The remaining three fit broadly into the Specialty Chemicals sub sector; one is a clean water antimicrobial technology company that manufacturers products and out-licenses proprietary technology for the water treatment and antimicrobial coatings markets, one provides biological products to global agriculture markets to improve the health, vigor and yield of major field crops such as corn, soybeans, cotton and rice and specialty crops such as fruits and vegetables and one is a life sciences company that has developed and licenses/markets nature-derived insect and parasite control products that target nerve centers active only in invertebrates, making them safe for humans and animals in the fight against head lice and insects and pests in livestock settings.

Four of the six Technology AIM-listed companies are focused on enterprise software and the other two are focused on consumer software.

The four enterprise software companies are all very different; one provides software and services to background screening companies and employers that help facilitate better recruitment and hiring decisions, one provides software solutions for ticketing, queuing and admission to leisure/theme parks, entertainment venues and cultural attractions, one has developed a mobile workforce management software platform used by field service organizations to improve productivity and efficiency and one provides consultancy, enterprise software and analytics to foster, drive, maintain and monitor corporate innovation, turning it into a sustainable competence.
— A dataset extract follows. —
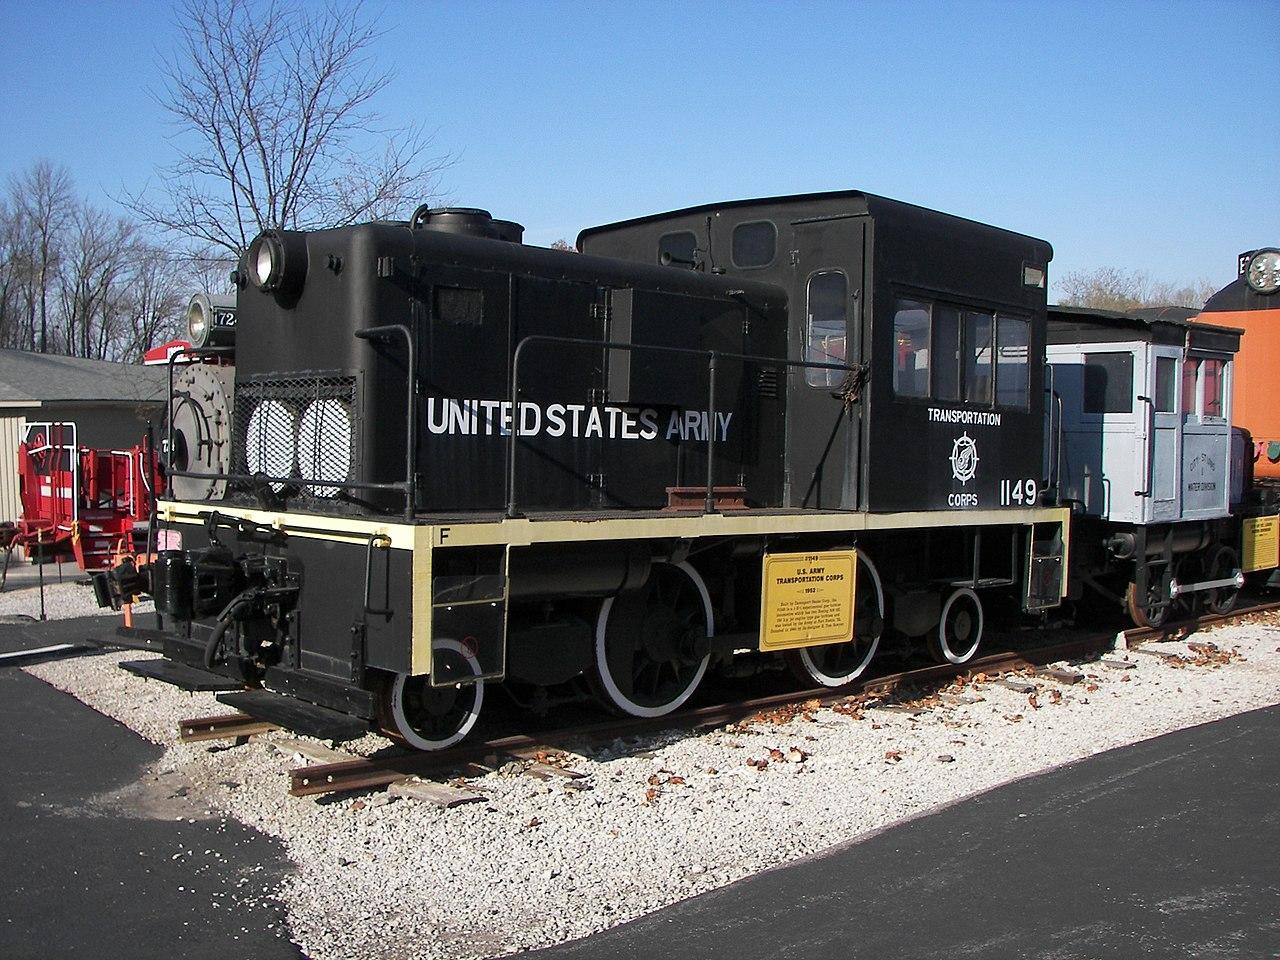 File:Gas turbine locomotive 1149.jpg

The two consumer software companies are also very different; one has developed an Internet video search engine that leverages speech recognition and text and image analysis to deeply understand the meaning and context of video content so as to generate improved search relevancy for consumers and the other has developed consumer software solutions that transform various types of 2D and 3D content for use on TVs, PCs and tablets.
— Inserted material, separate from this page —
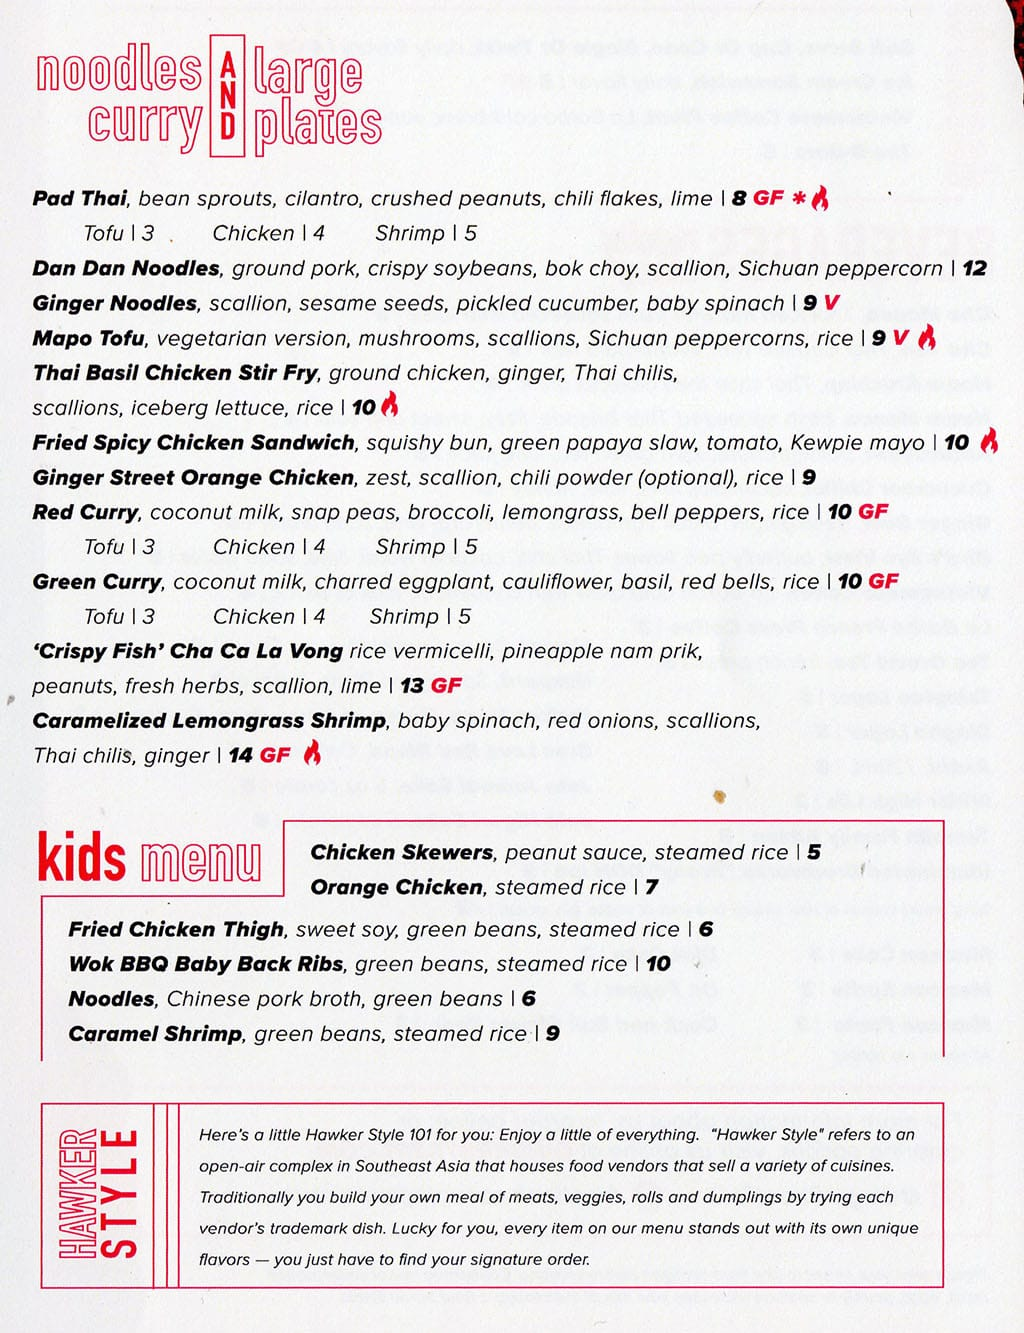 Ginger Street menu - noodles, curry, large plates, kids

Four of the six Financials companies are Investing Companies; one makes equity investments in West Coast biotechnology and biopharmaceutical companies, one provides equity and debt venture and growth capital to renewable energy and sustainable technology companies, one makes control equity investments in cross-border companies, primarily those that operate in the US-India corridor and one acquires business claims that are in litigation or arbitration, effectively shifting the risks and rewards from corporations to themselves.

One is a financial services company, staffed with lawyers, that provides litigation financing to companies, effectively creating a portfolio of investments where they receive a portion of the proceeds from any positively resolved matters.

One incubates and provides debt and/or equity financing to high-growth medical, life science, and technology businesses in the U.S. and the UK.

Two of the three Consumer Services businesses utilize technology; one is an owner and operator of new generic Internet top-level domains and also provides domain name and domain registry services and the other one provides B2C online customer acquisition solutions to large, consumer-facing organizations, such as U.S. cable companies, through the use of pay-per-click, search engine optimization, integrated websites, email, social media and contact center support.

The third consumer services company is an athlete representation agency that also provides sports marketing and event management services.